INFORMATION SHOWN:

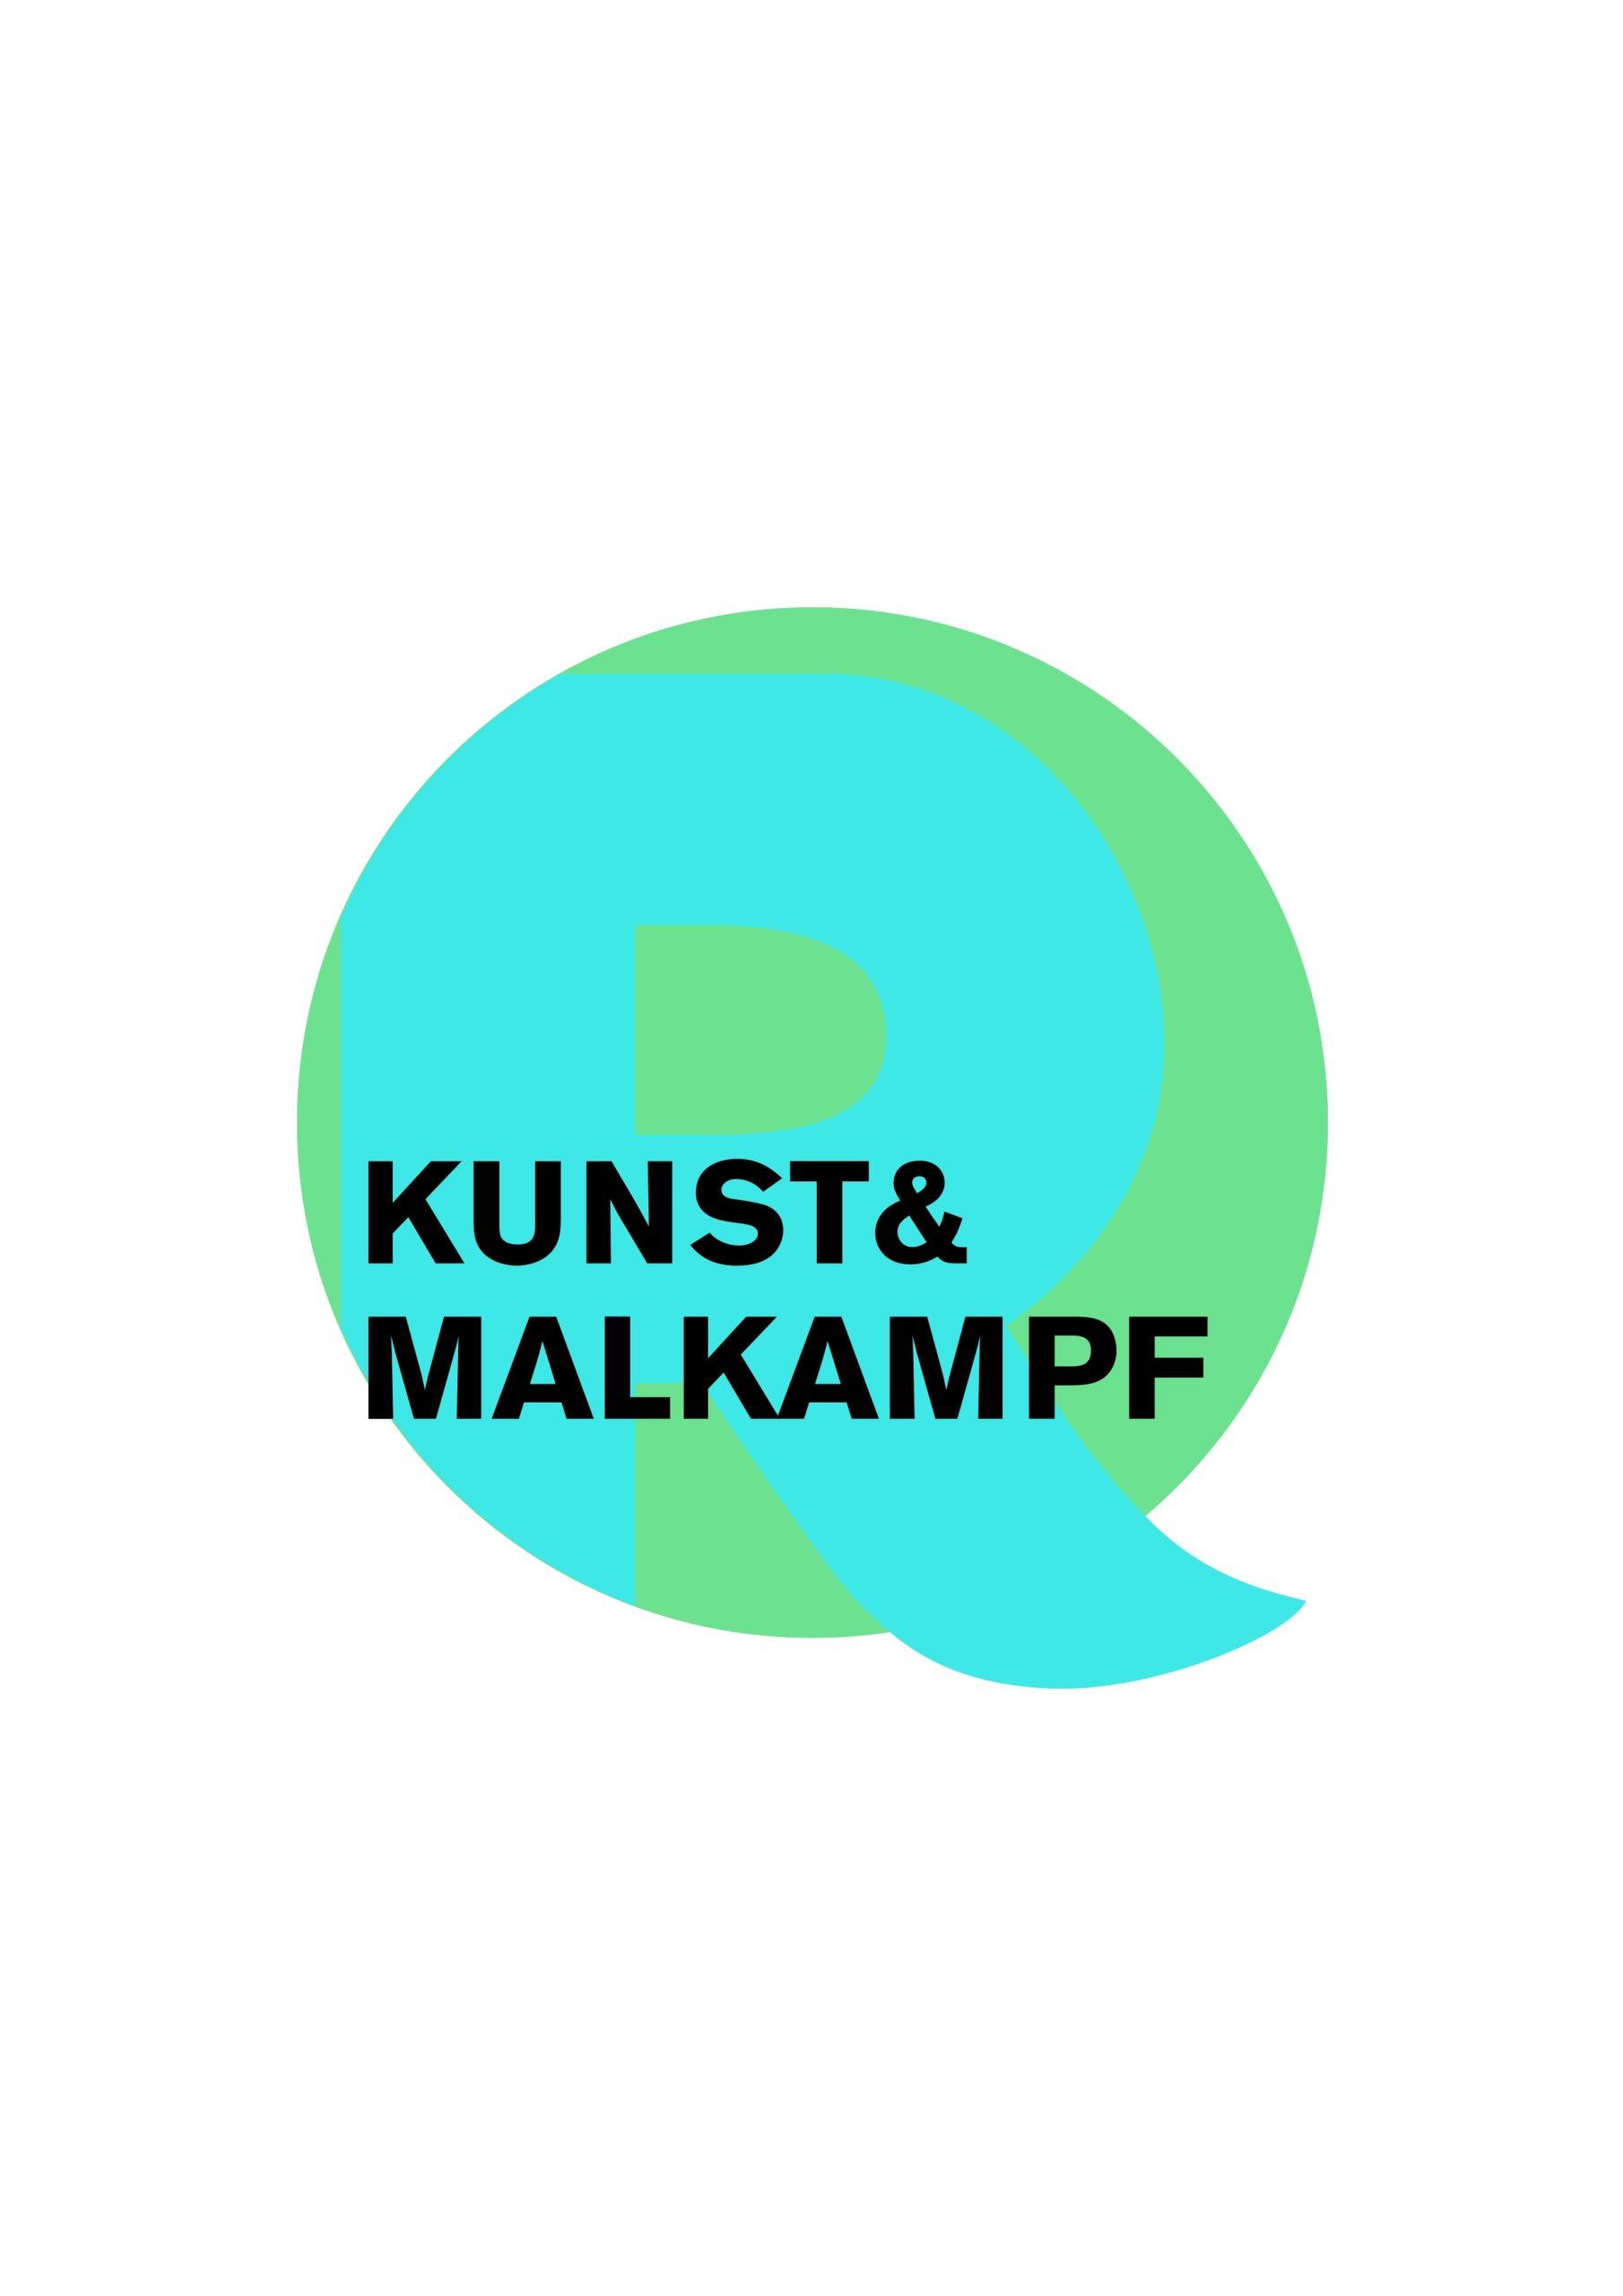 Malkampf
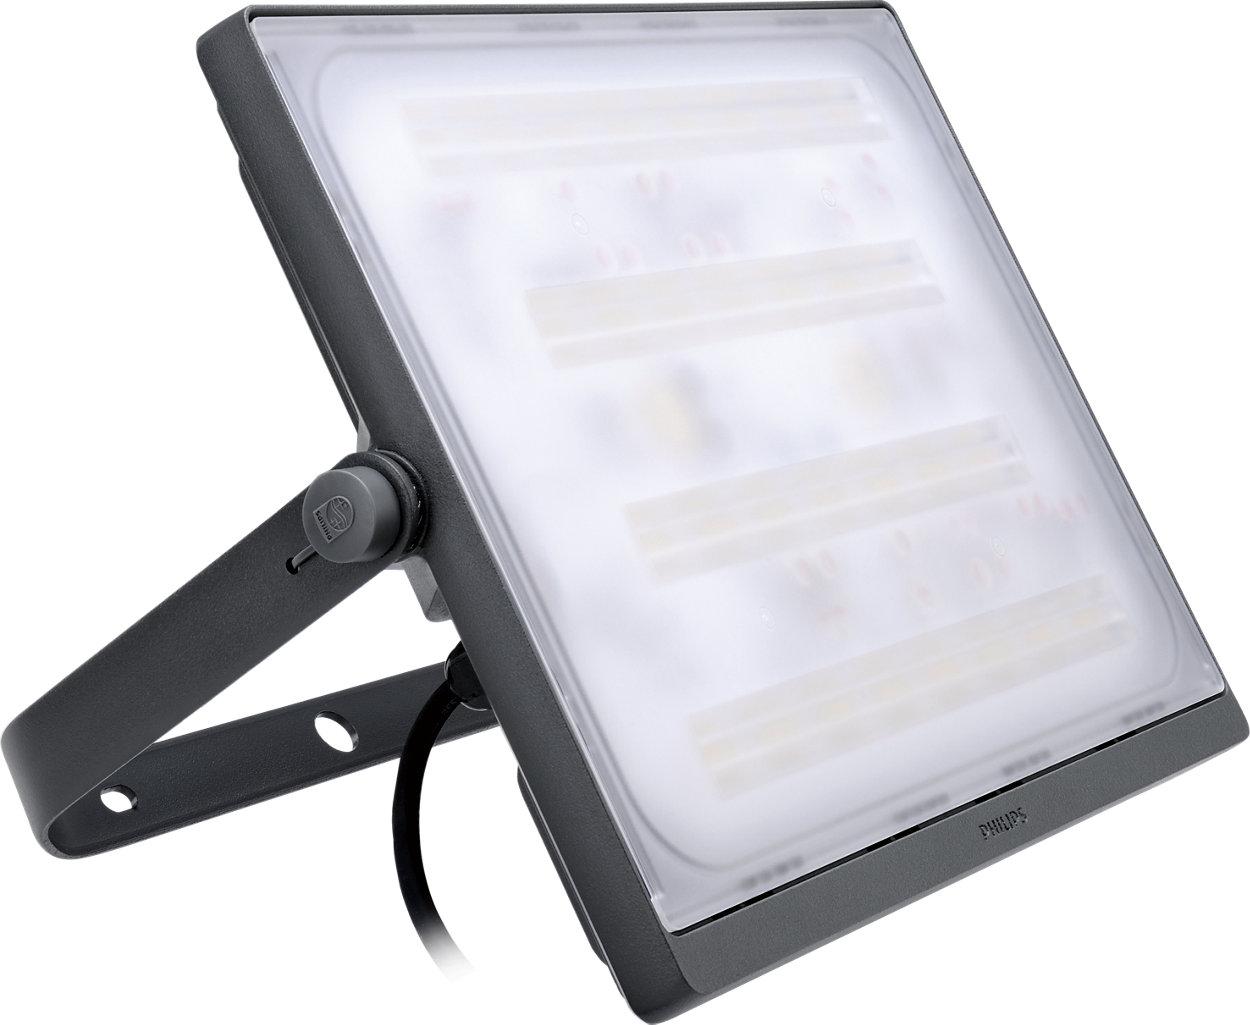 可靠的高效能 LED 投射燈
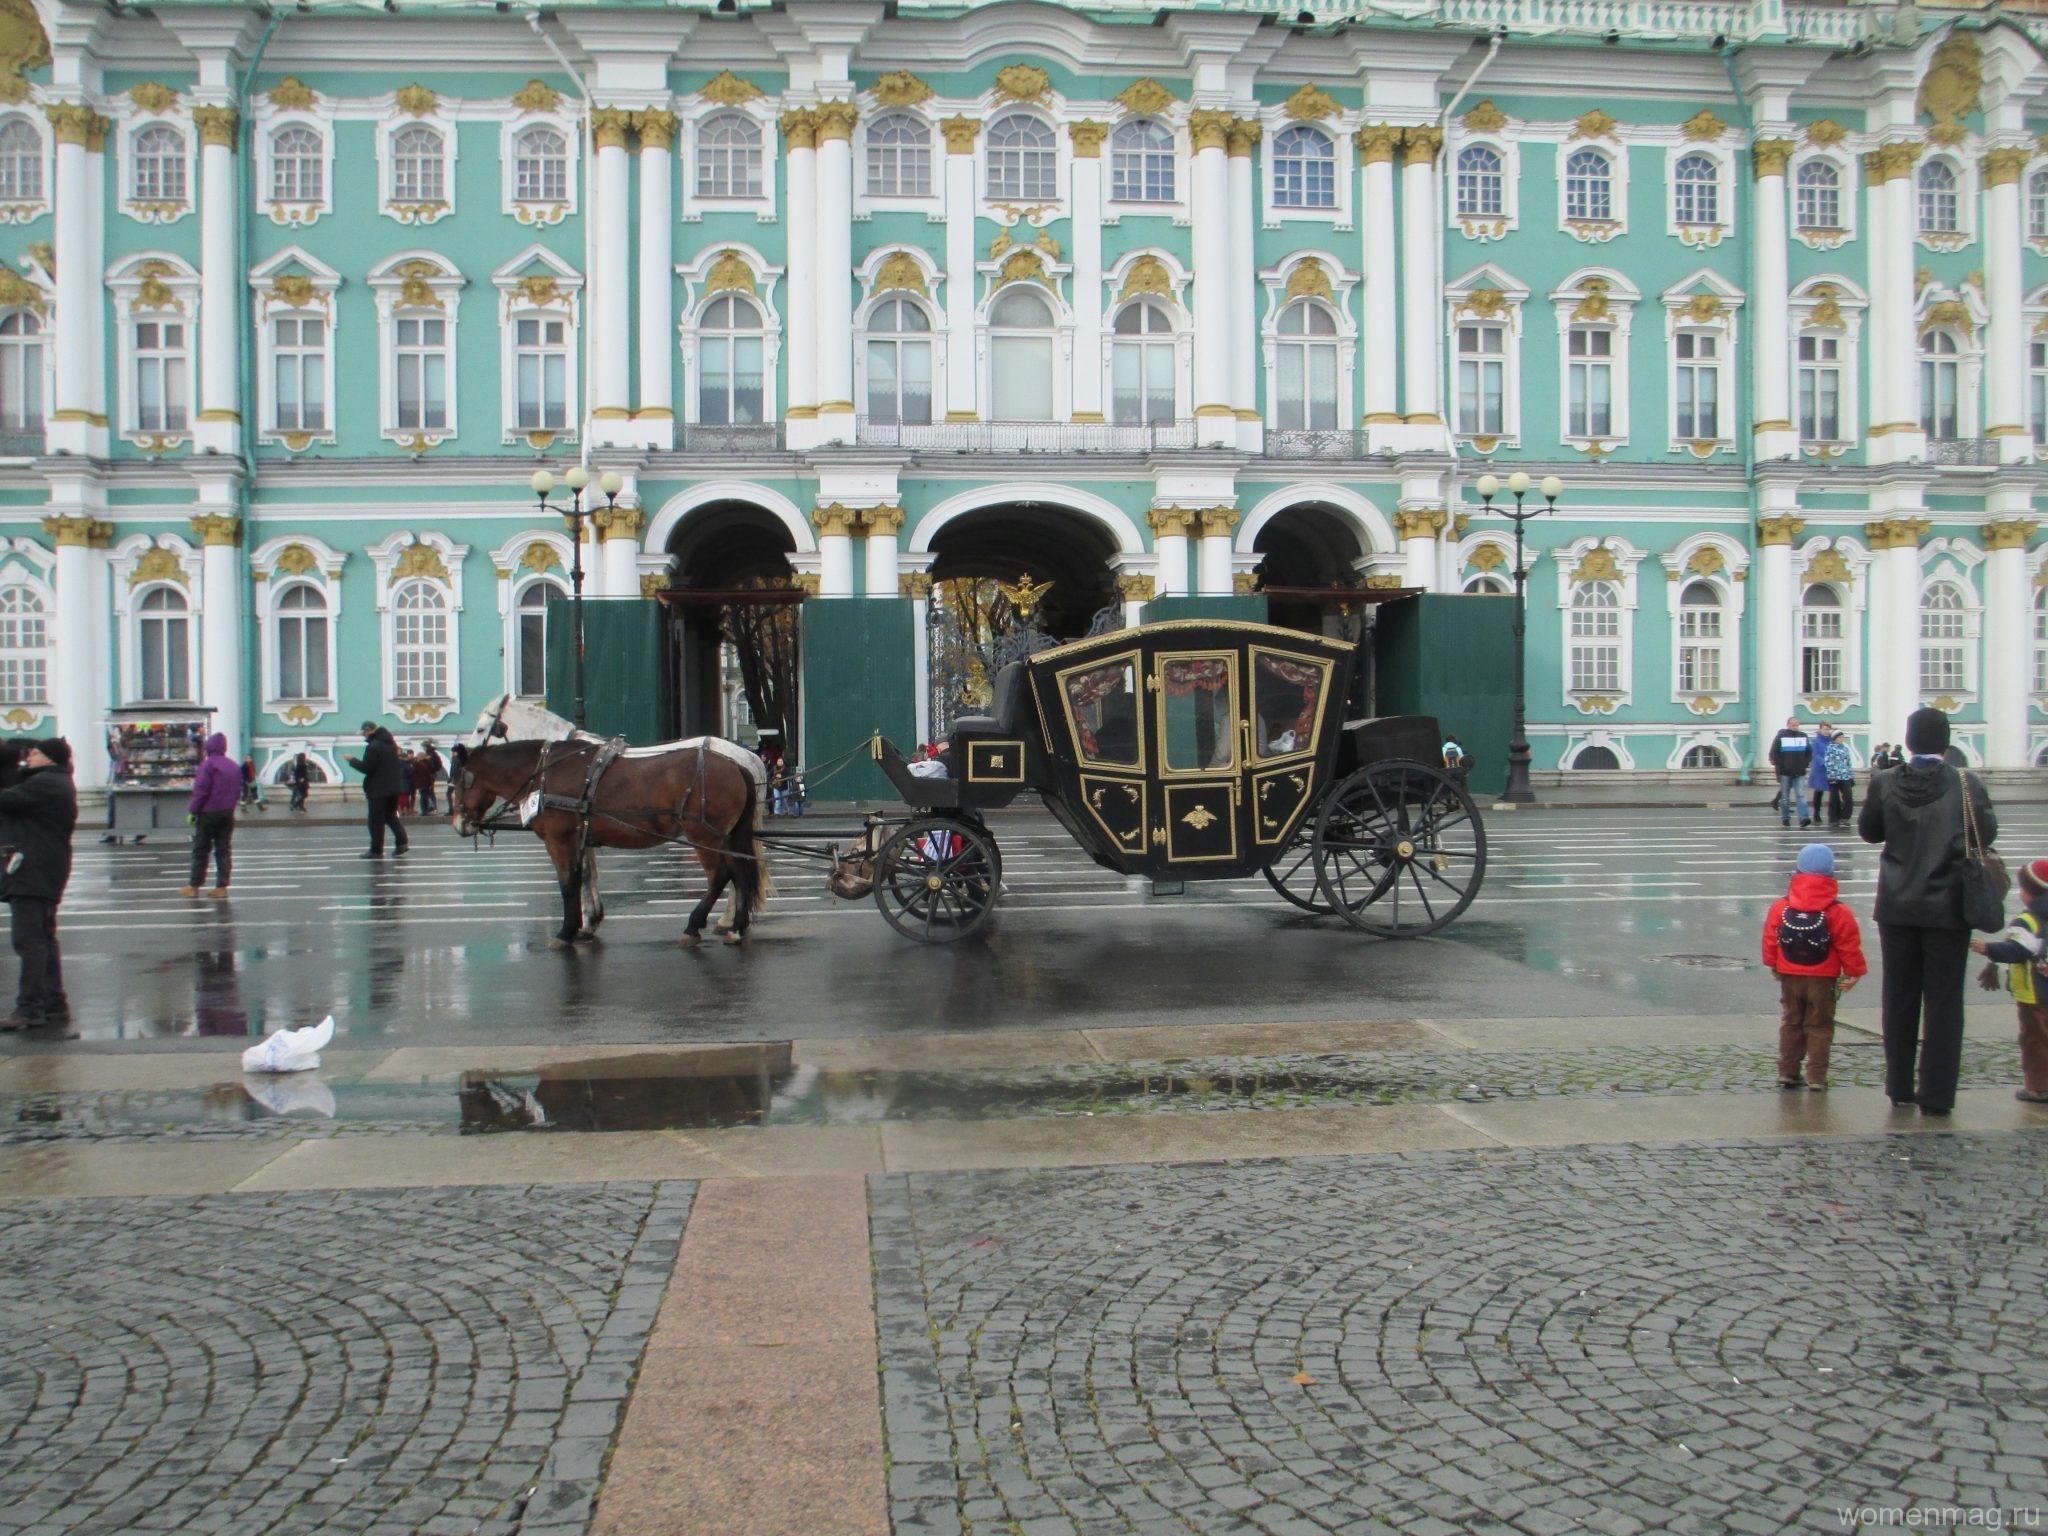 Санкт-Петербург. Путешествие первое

TASK OBJECTIVE: Extract the run of lines from the line holding "可靠的高效能 LED 投射燈" through the final line of the material above, exactly and inclusively. Leave the pictures behind.

RESPONSE BOX:
 可靠的高效能 LED 投射燈
 Санкт-Петербург. Путешествие первое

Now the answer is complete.